FIG. 2 is an example diagram of an MBMS synchronization networking according to the HSPA+ flat architecture of related technologies. As shown in FIG. 2, a master base station+ (master Node B+, or RNC) is connected with one or more slave base stations+ (slave Node B+) via lur interfaces, and the master Node B+ or the RNC is connected with SGSN-1. The full name of MGW is media gateway.
FIG. 3 is an example diagram of an MBMS synchronization networking according to the E-UTRAN architecture of LTE of related technologies. As shown in FIG. 3, a logical network element (e.g. a multi-cell/multicast coordination entity, MCE) is connected with one or more evolved universal mobile telecommunication systems (UMTS) terrestrial radio access network base stations (E-UTRAN Node B, ENB) via M2 interfaces.

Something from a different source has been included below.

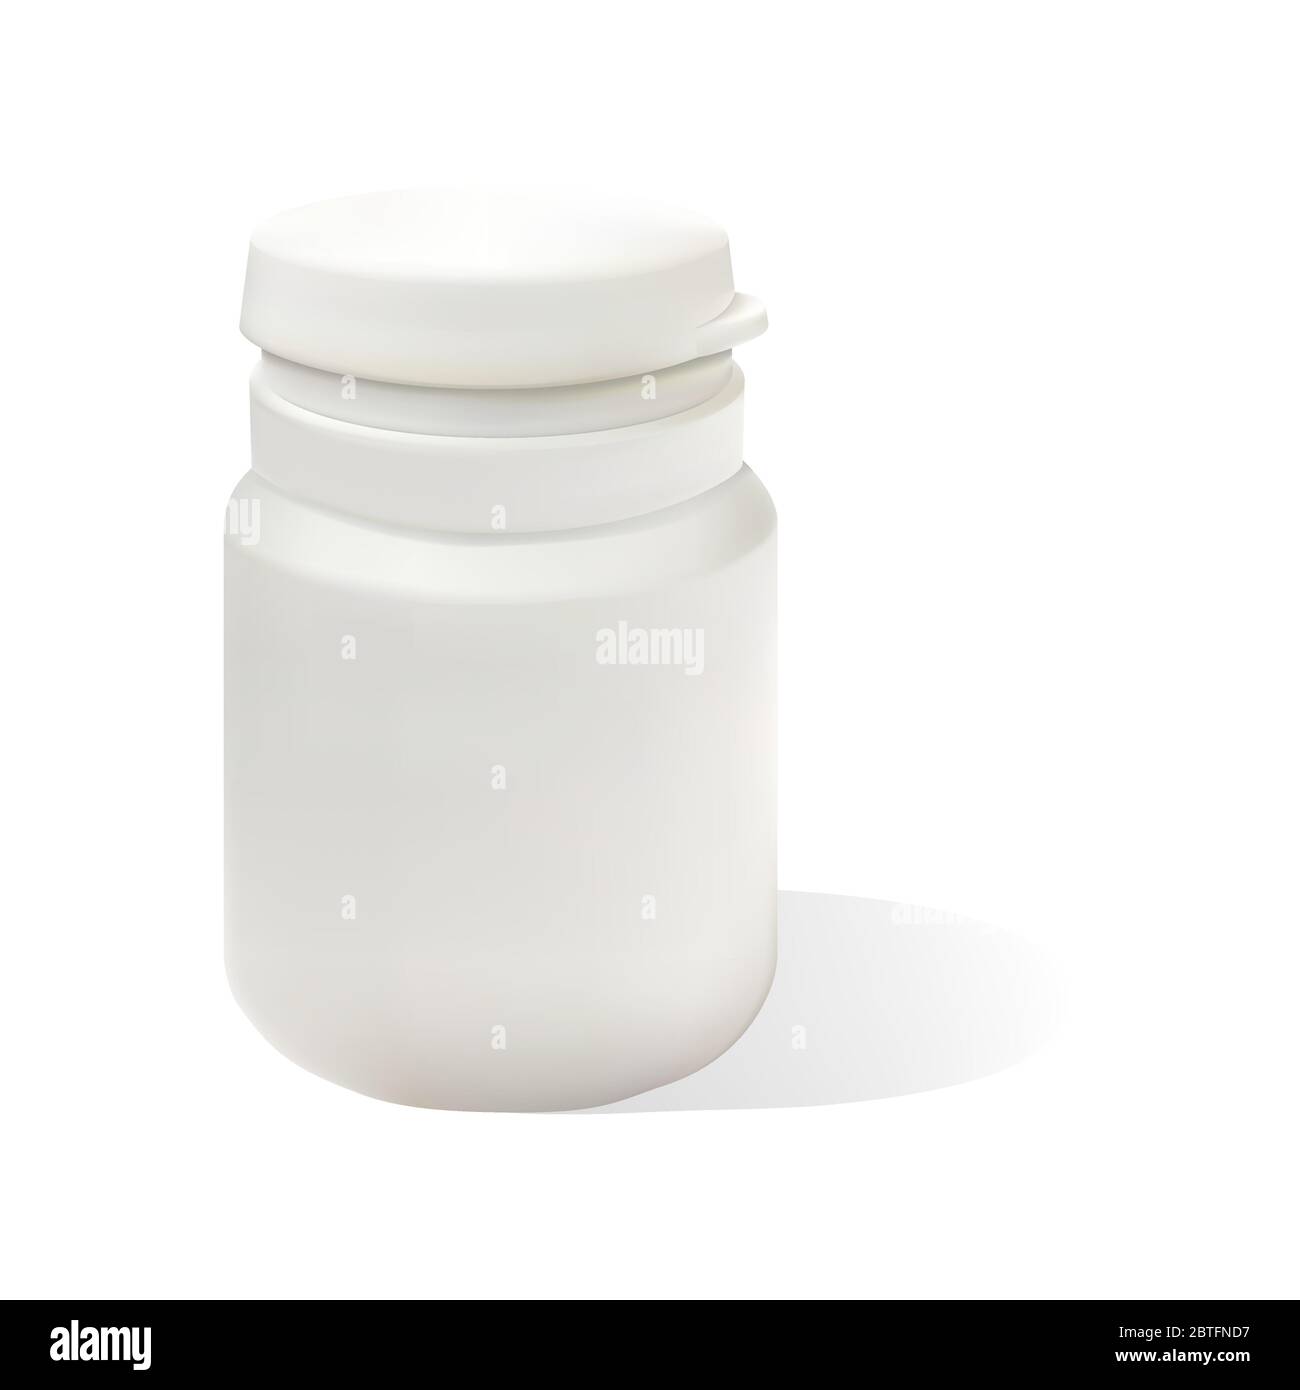 Flacone di plastica bianco realistico per pillole. Modello di simulazione. Illustrazione vettoriale di un piccolo vaso isolato su sfondo bianco. Illustrazione Vettoriale
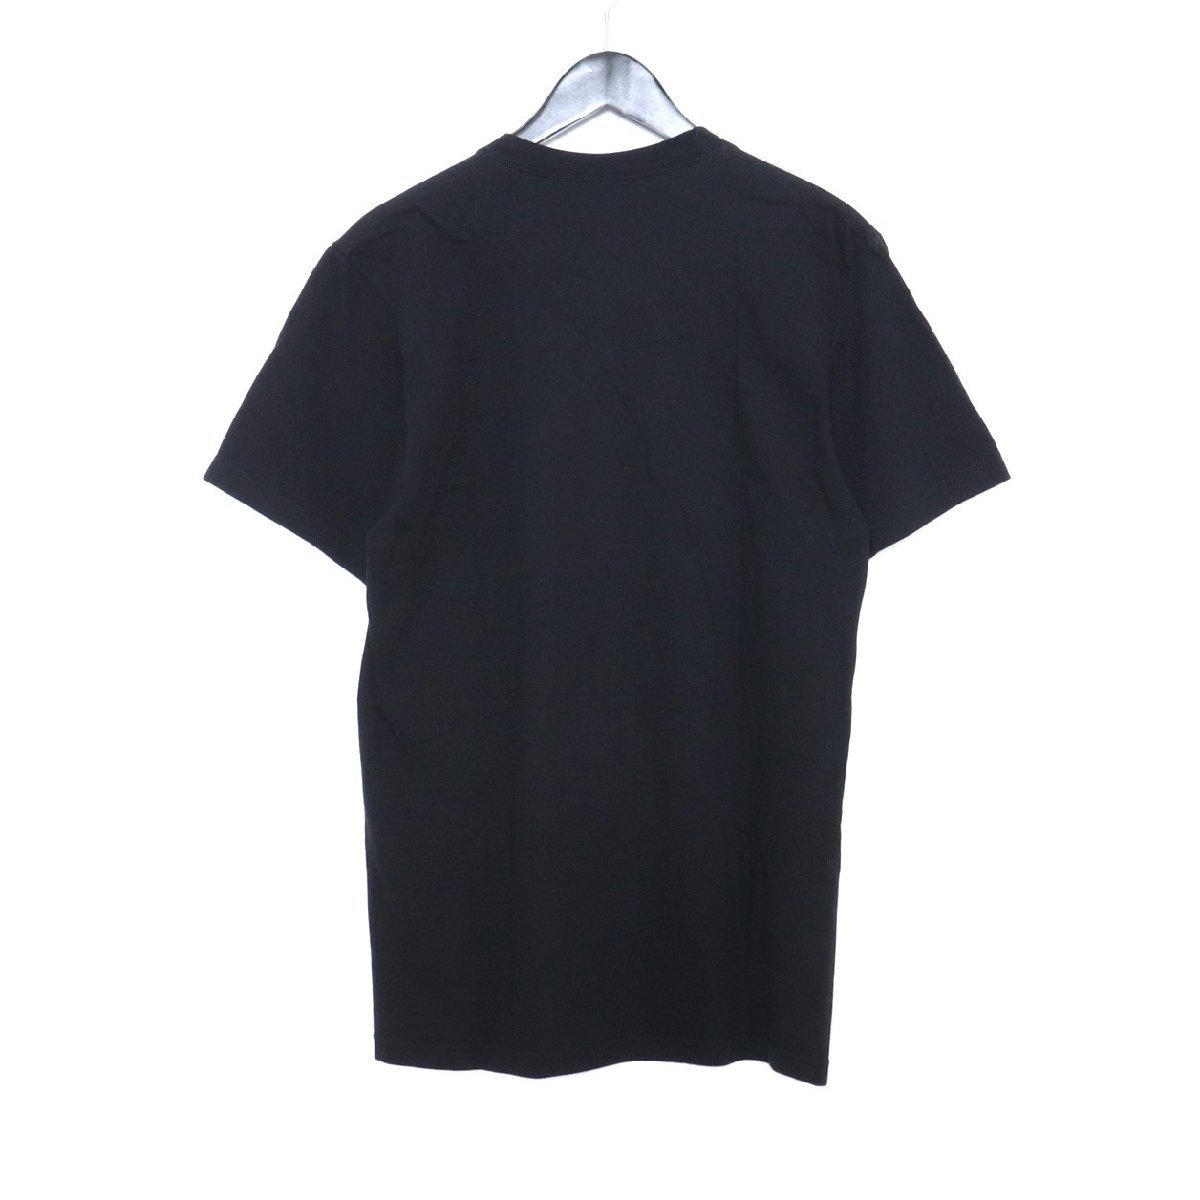 シュプリーム Supreme 2017SS Sade Tee Mサイズ ブラック シャーデーフォトプリント半袖Tシャツ カットソー photo_画像2

In existing technologies, common control messages of each cell, such as system messages, MCCH messages, and MICH messages, are respectively constructed on each network element node and scheduled and sent; if an MBSFN area exceeds the range of a cell where a network element is located and there is no coordination mechanism for cells where multiple network elements are located, then it is difficult or even impossible to realize synchronization of radio interface control messages of these cells. For a UE, radio interface control messages of MBSFN cells cannot be sent and received in an MBSFN manner, thus bringing about strong interference among adjacent cells.
However, existing technologies do not provide a coordination mechanism for multiple network elements on the same layer which coordinate transmission of an MBMS, e.g., lacking a technical solution for coordination between a master RNC and a slave RNC, or between an MCE and an ENB in LTE, and no effective solution has currently been proposed for addressing this problem.